In the data below, find the line with "Measurements: 16" and the line with "9 Music Party Flyer Template cover image.", then restate both and every line between them exactly, minus the pictures.

Supplied data:
=== Section Start ===

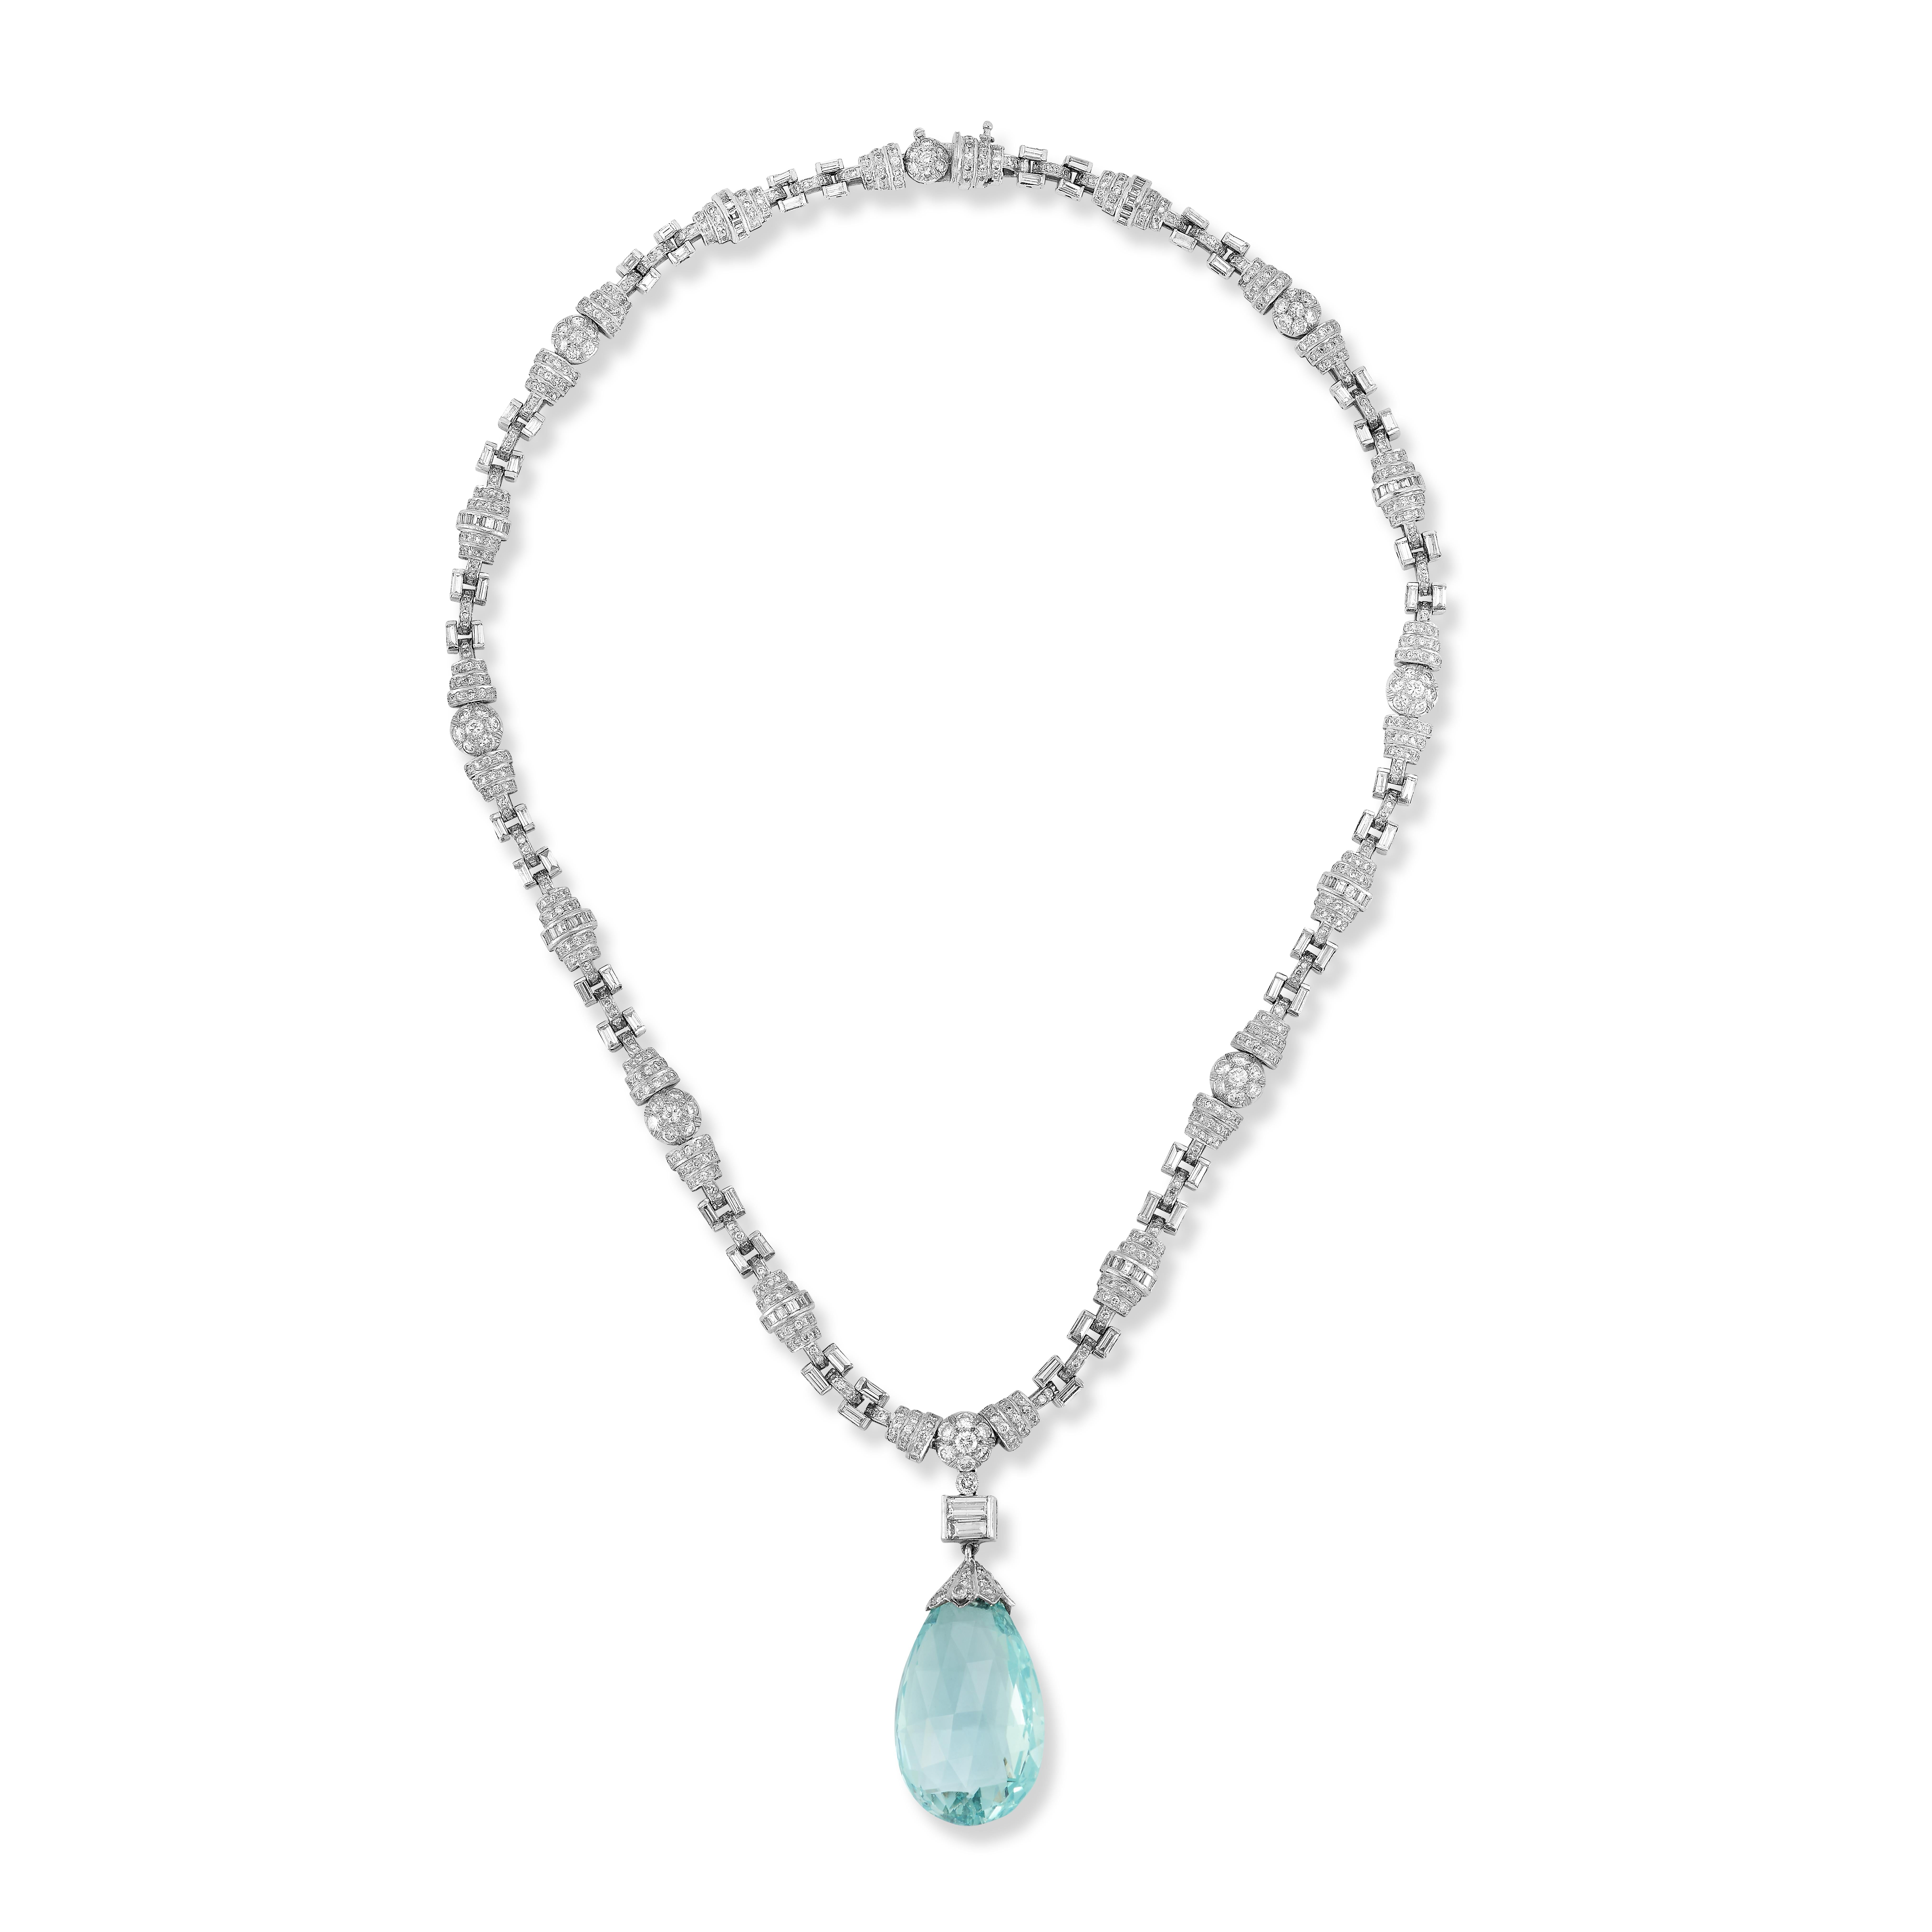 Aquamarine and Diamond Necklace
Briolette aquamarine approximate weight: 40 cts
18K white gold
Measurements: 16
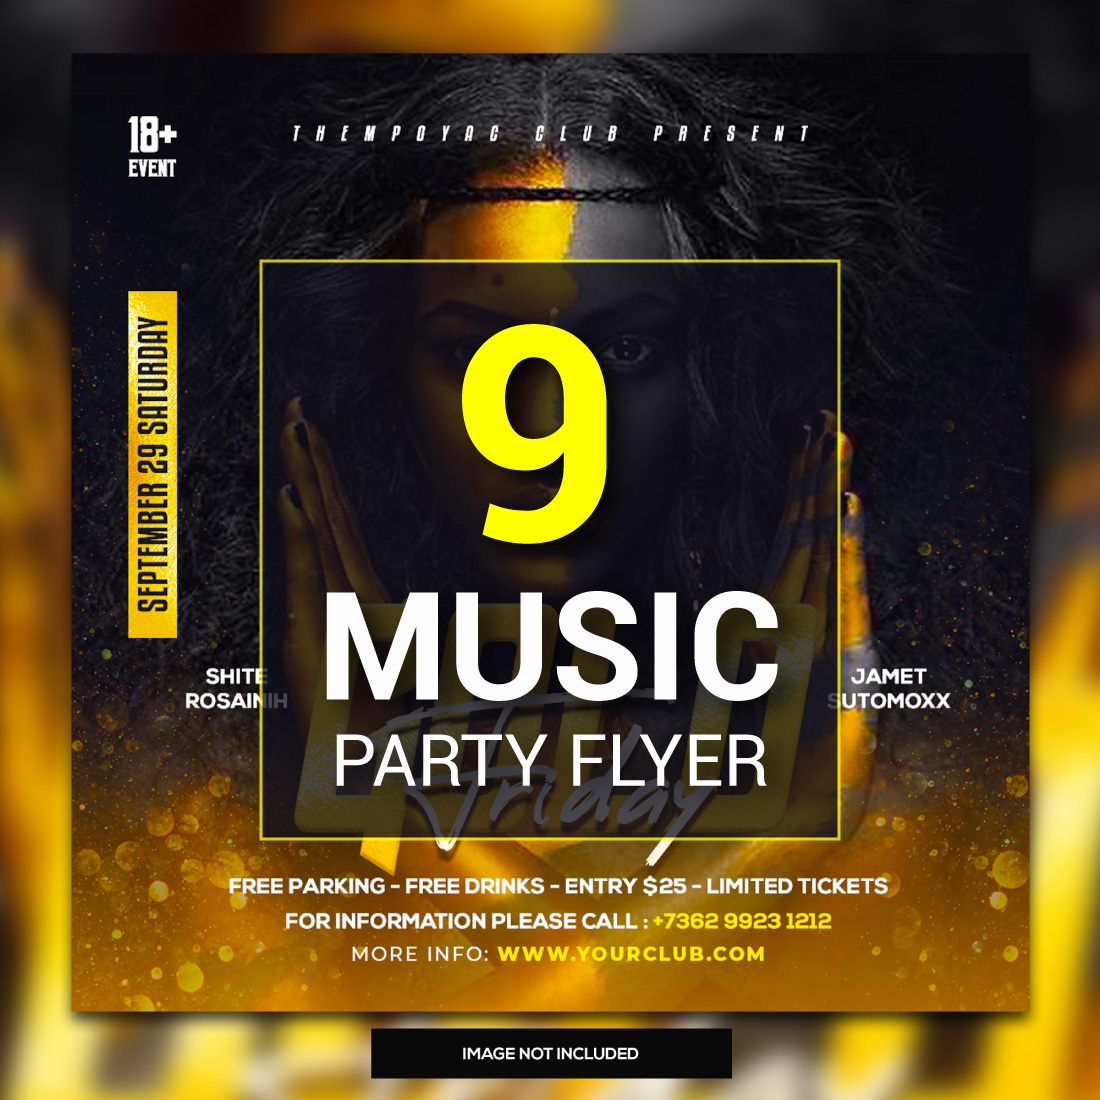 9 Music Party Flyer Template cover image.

=== Section End ===
=== Section Start ===

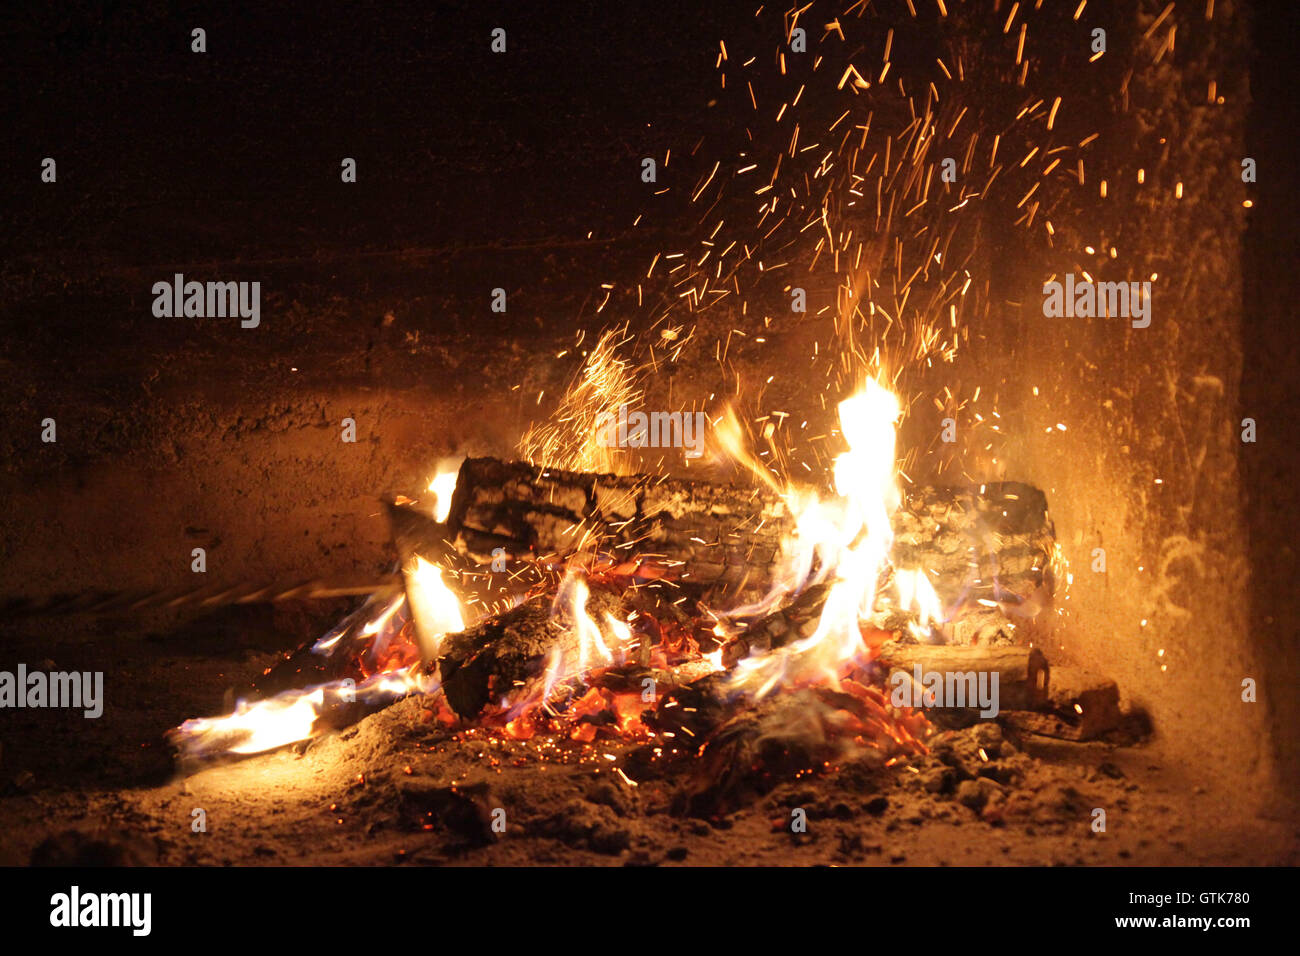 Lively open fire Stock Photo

=== Section End ===
=== Section Start ===

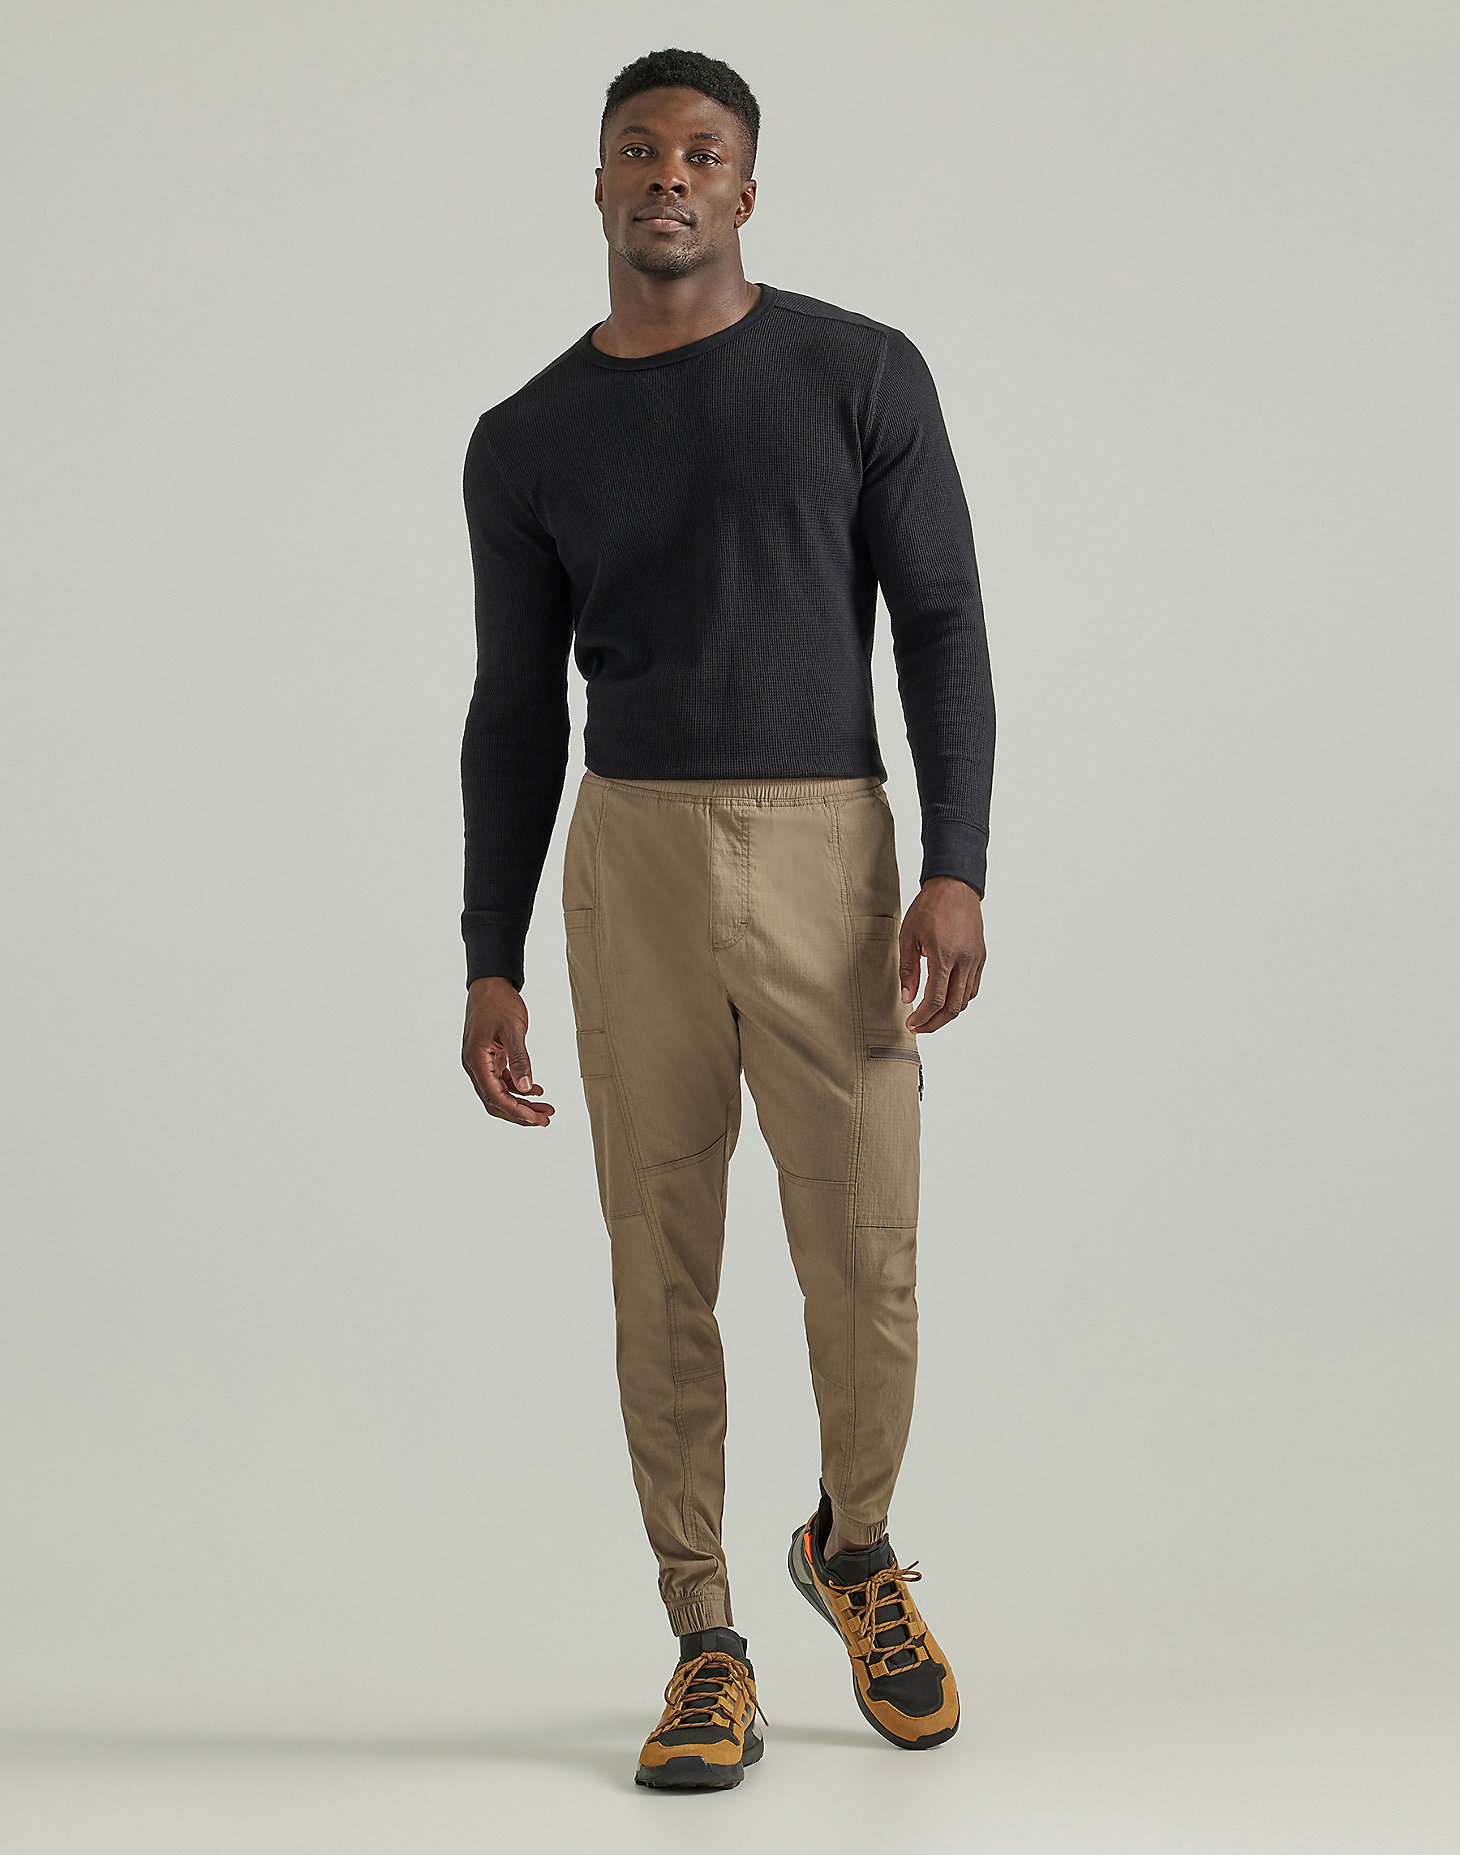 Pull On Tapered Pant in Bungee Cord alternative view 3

=== Section End ===

Worked solution:
Measurements: 16
 9 Music Party Flyer Template cover image.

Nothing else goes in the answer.